Repeat the listing below in full and exactly. Pictures are to be omitted.

*** PROVIDED MATERIAL ***

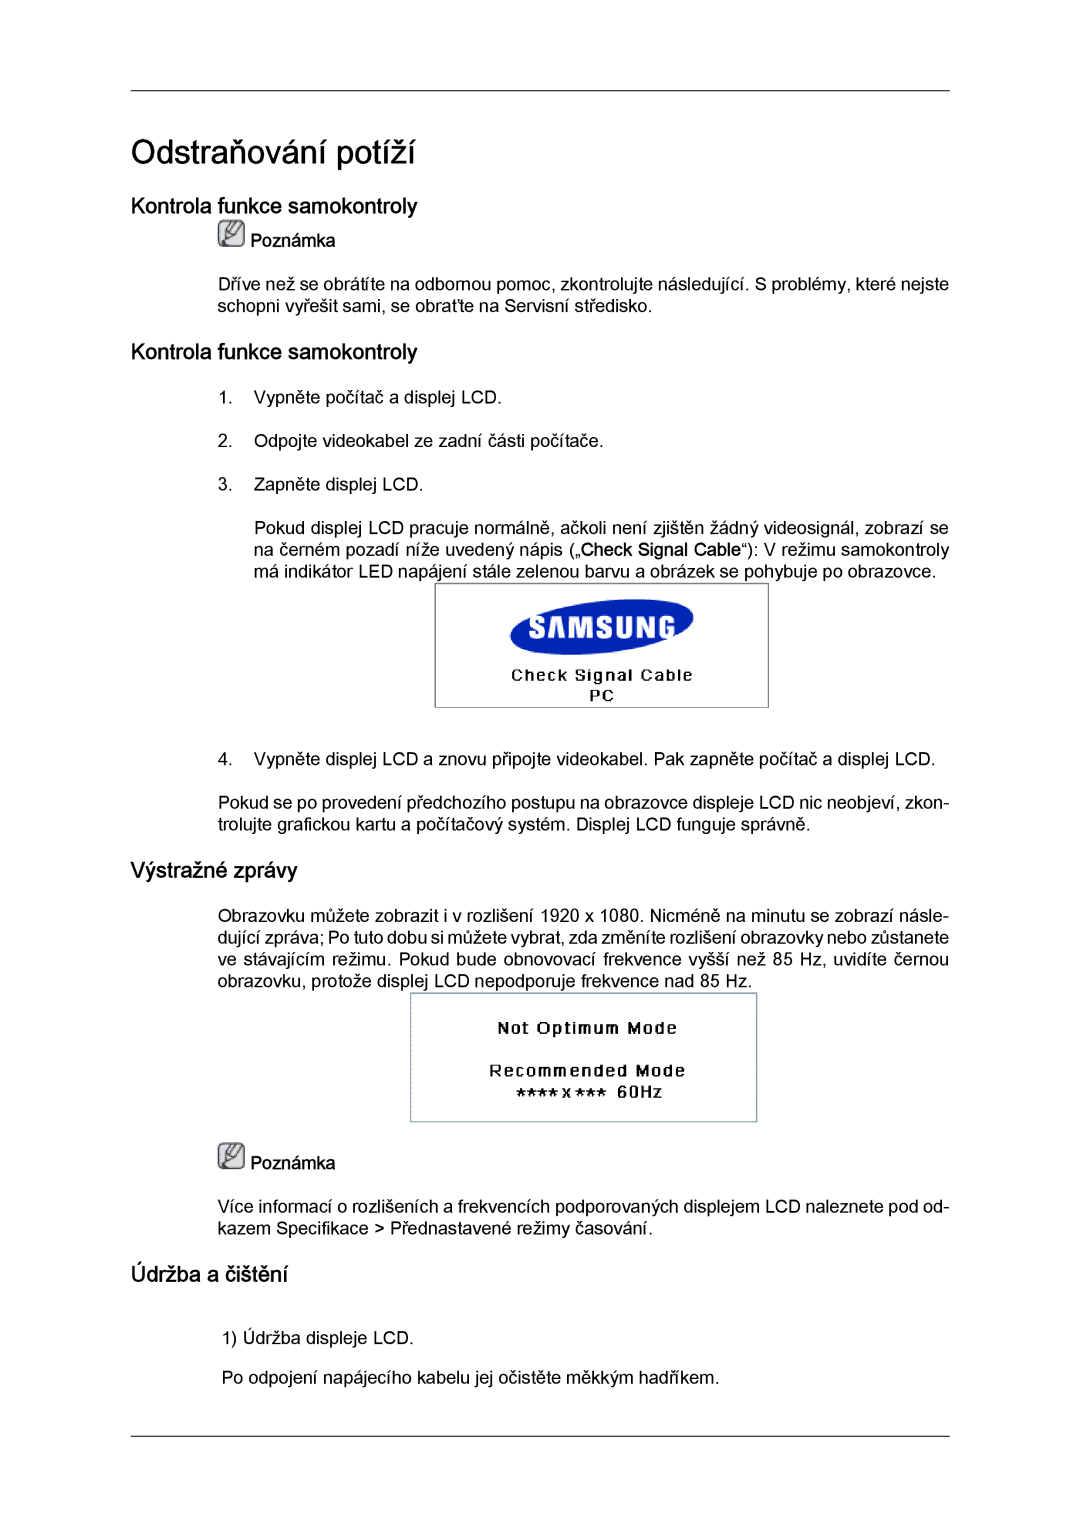 Samsung LH52BPTLBC/EN, LH52BPPLBC/EN manual Kontrola funkce samokontroly, Výstražné zprávy, Údržba a čištění 
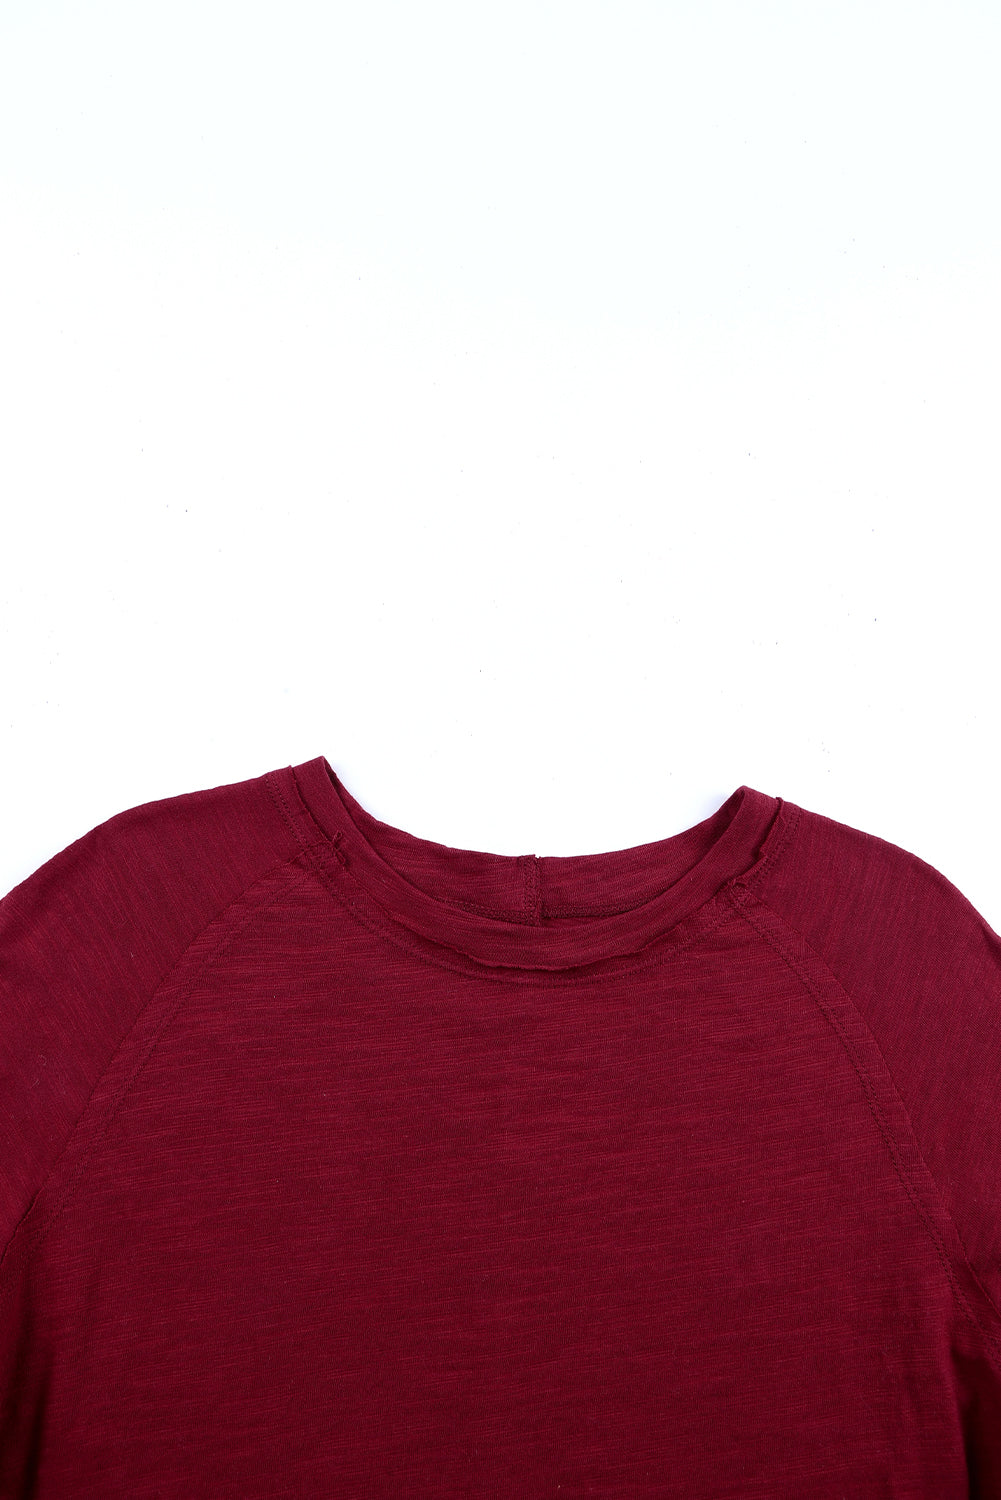 Ognjeno rdeča enobarvna majica z dolgimi rokavi z okroglim izrezom
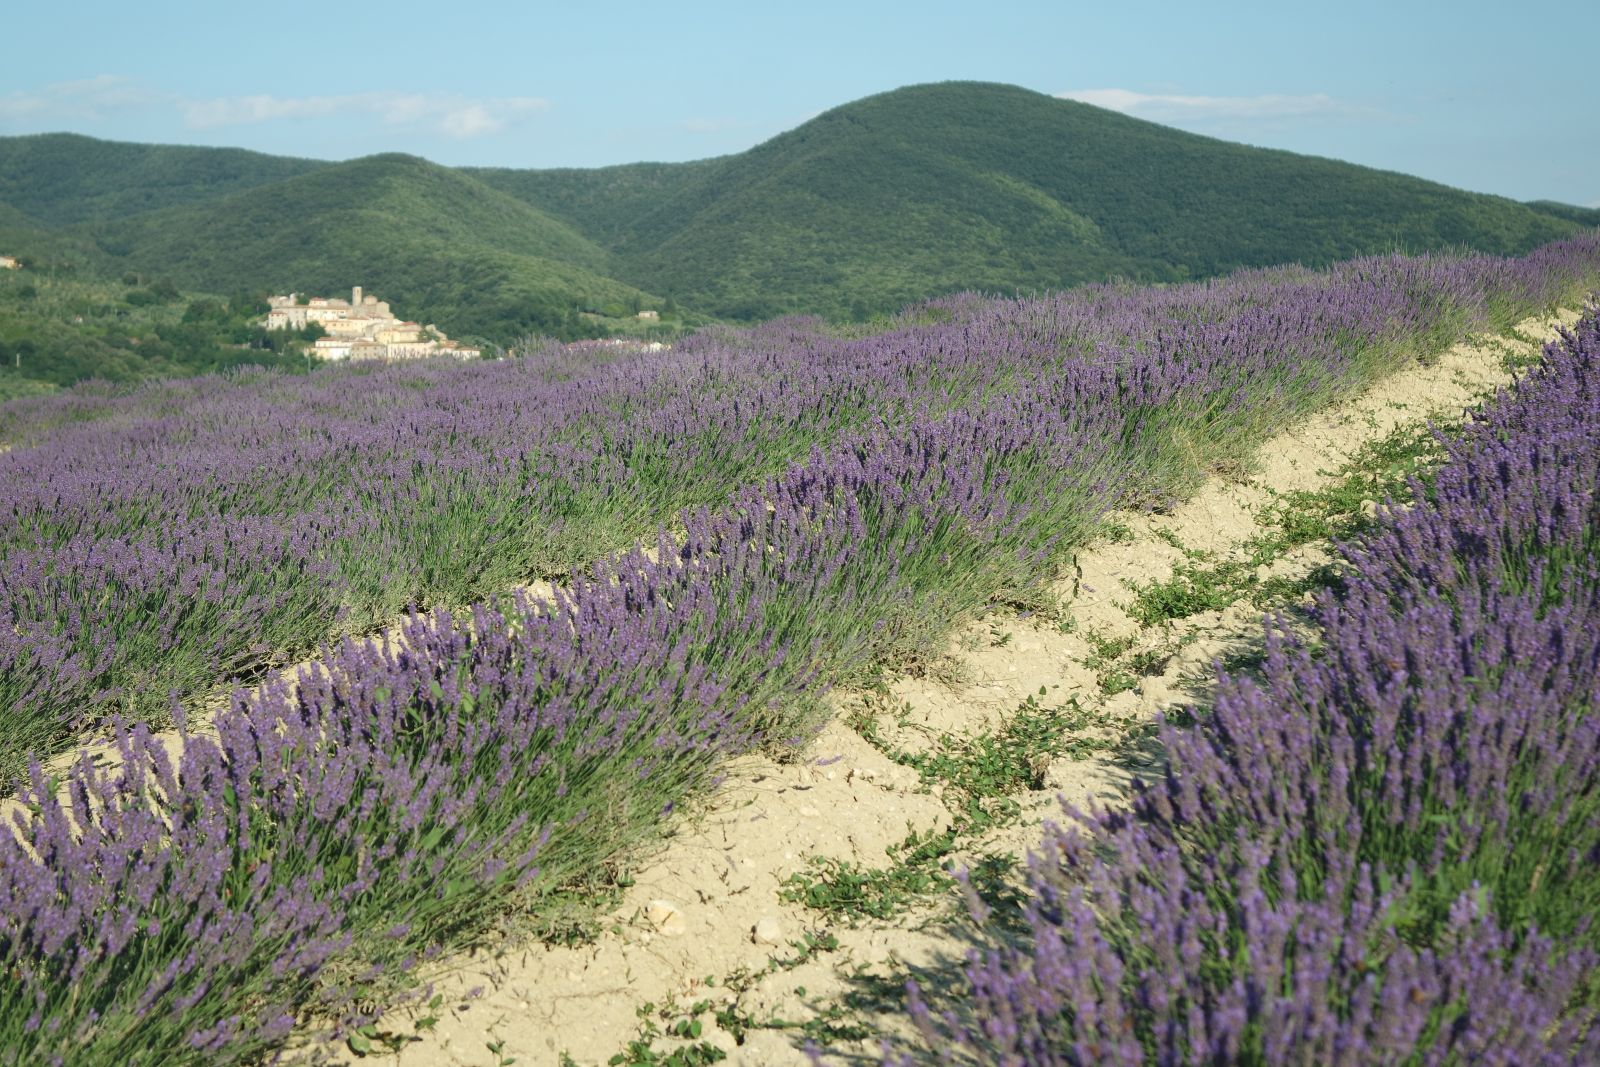 Lavendelfelder bei Pieve Santa Luce, südlich von Pisa, Toskana

*** End of PROVIDED MATERIAL ***

ANSWER BOX:
 Samsung LH52BPTLBC/EN, LH52BPPLBC/EN manual Kontrola funkce samokontroly, Výstražné zprávy, Údržba a čištění 
 Ognjeno rdeča enobarvna majica z dolgimi rokavi z okroglim izrezom
 Lavendelfelder bei Pieve Santa Luce, südlich von Pisa, Toskana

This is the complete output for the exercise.